The marketing toolbox includes sales representative visits, sponsored medical education, free drug samples, physician-to-physician marketing, funding patient advocacy groups, and presentation of evidence in medical journal articles. Although regulatory agencies only allow marketing of drugs for approved conditions, drug firms have paid out billions of dollars in recent years to settle claims of marketing for a wide variety of unapproved indications.
In one case, a psychiatric diagnosis (“complicated mood”) was created by drug firm Eli Lilly to justify treatment of primary care patients with its antipsychotic drug olanzapine. Marketers targeted the drug to treat “symptoms and behaviours found in mood, thought and behaviour disturbances”, a much broader target than the narrow bipolar I disorder and schizophrenia indications for which the drug was approved.

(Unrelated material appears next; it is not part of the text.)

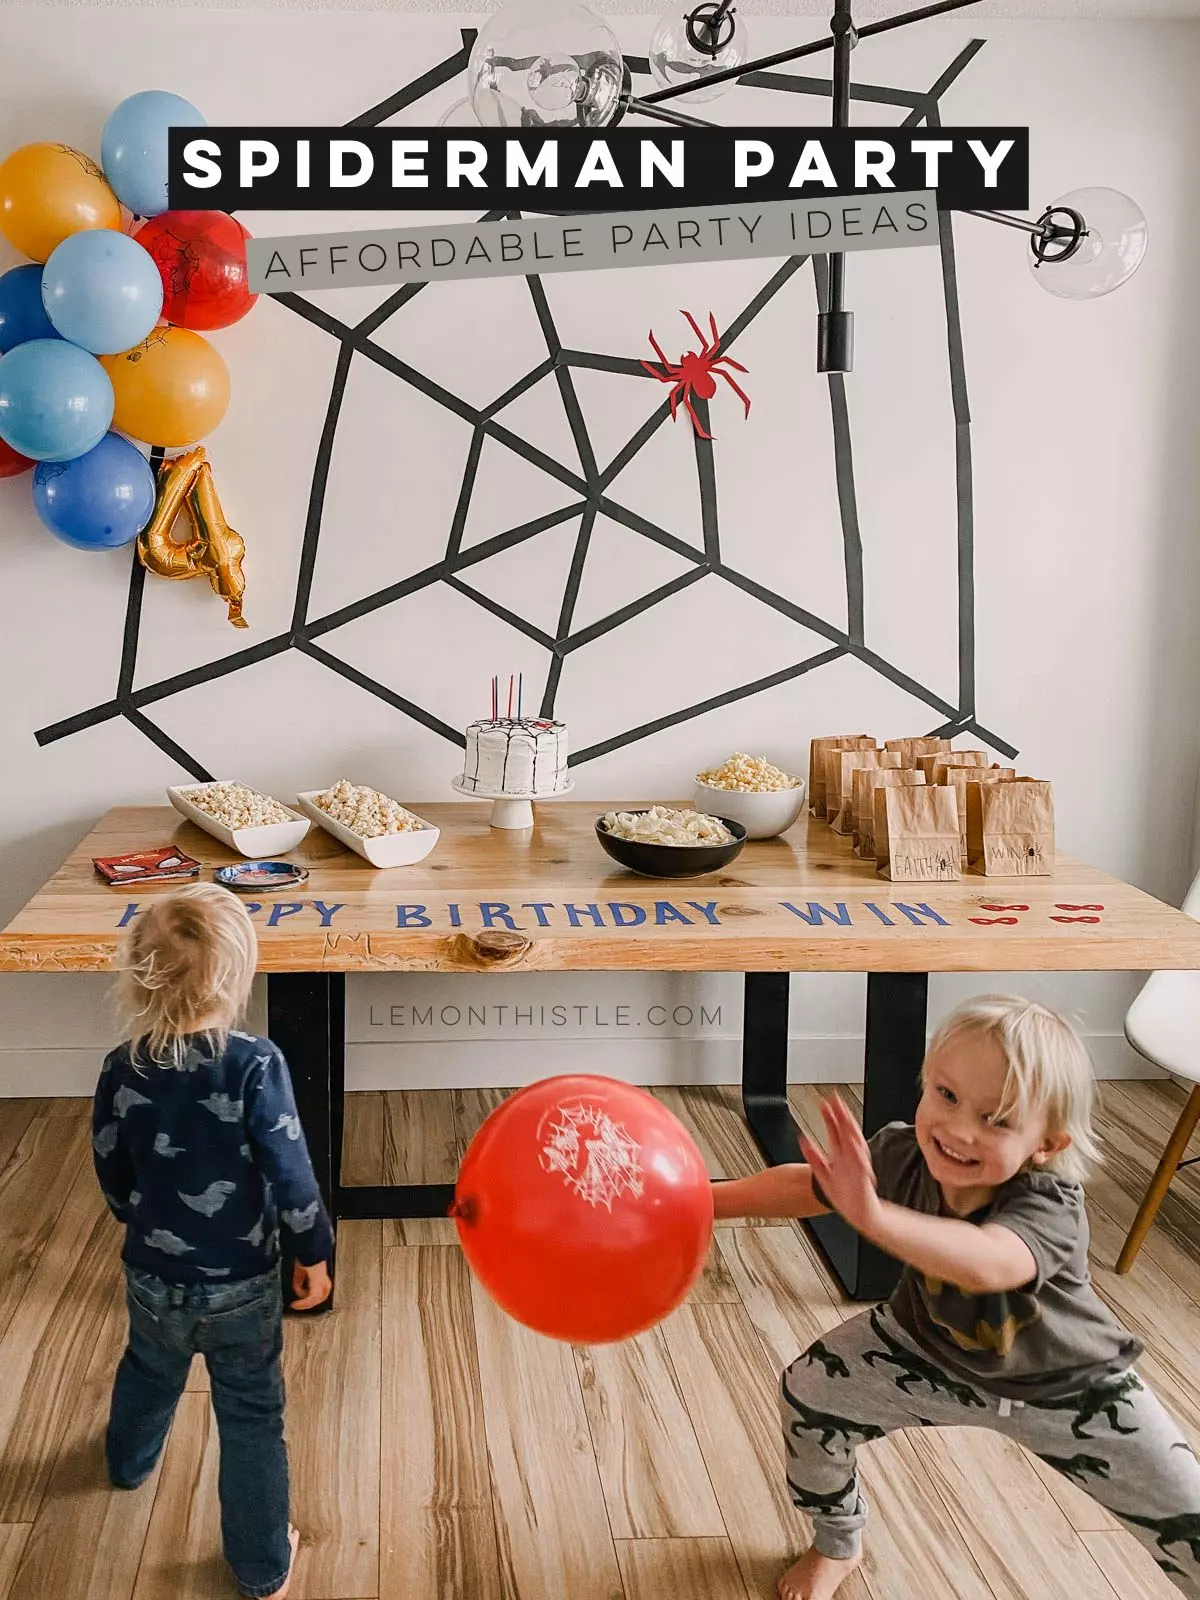 DIY Spiderman birthday party ideas

Internal documents detailed “complicated mood” as consisting of at least one of the following symptoms: anxiety, irritability, disruptive sleep, and minor mood swings (not bipolar I mood swings),. Only one of these symptoms was needed to qualify for “complicated mood”.
Although documents from most legal settlements remain sealed, documents from several firms have either been released as part of court proceedings or leaked. These materials tell a consistent story. Initial regulatory approval gets a drug on the market for a narrow indication. Then marketers sell it for a spectrum of unapproved conditions. This has certainly been the case for many psychiatric medicines. For instance, atypical antipsychotics were originally approved as treatments for schizophrenia, then bipolar I disorder. Before long, various federal lawsuits in the United States alleged that atypical antipsychotics were promoted for treating conditions ranging from aggression, anxiety, attention deficit-hyperactivity disorder (ADHD), dementia, depression, post-traumatic stress disorder and sleeplessness. Claims regarding off-label marketing of bestselling atypical antipsychotics have been settled with US federal authorities to the tune of between US$300m and US$1.4bn, with some drug firms admitting guilt and others denying wrongdoing.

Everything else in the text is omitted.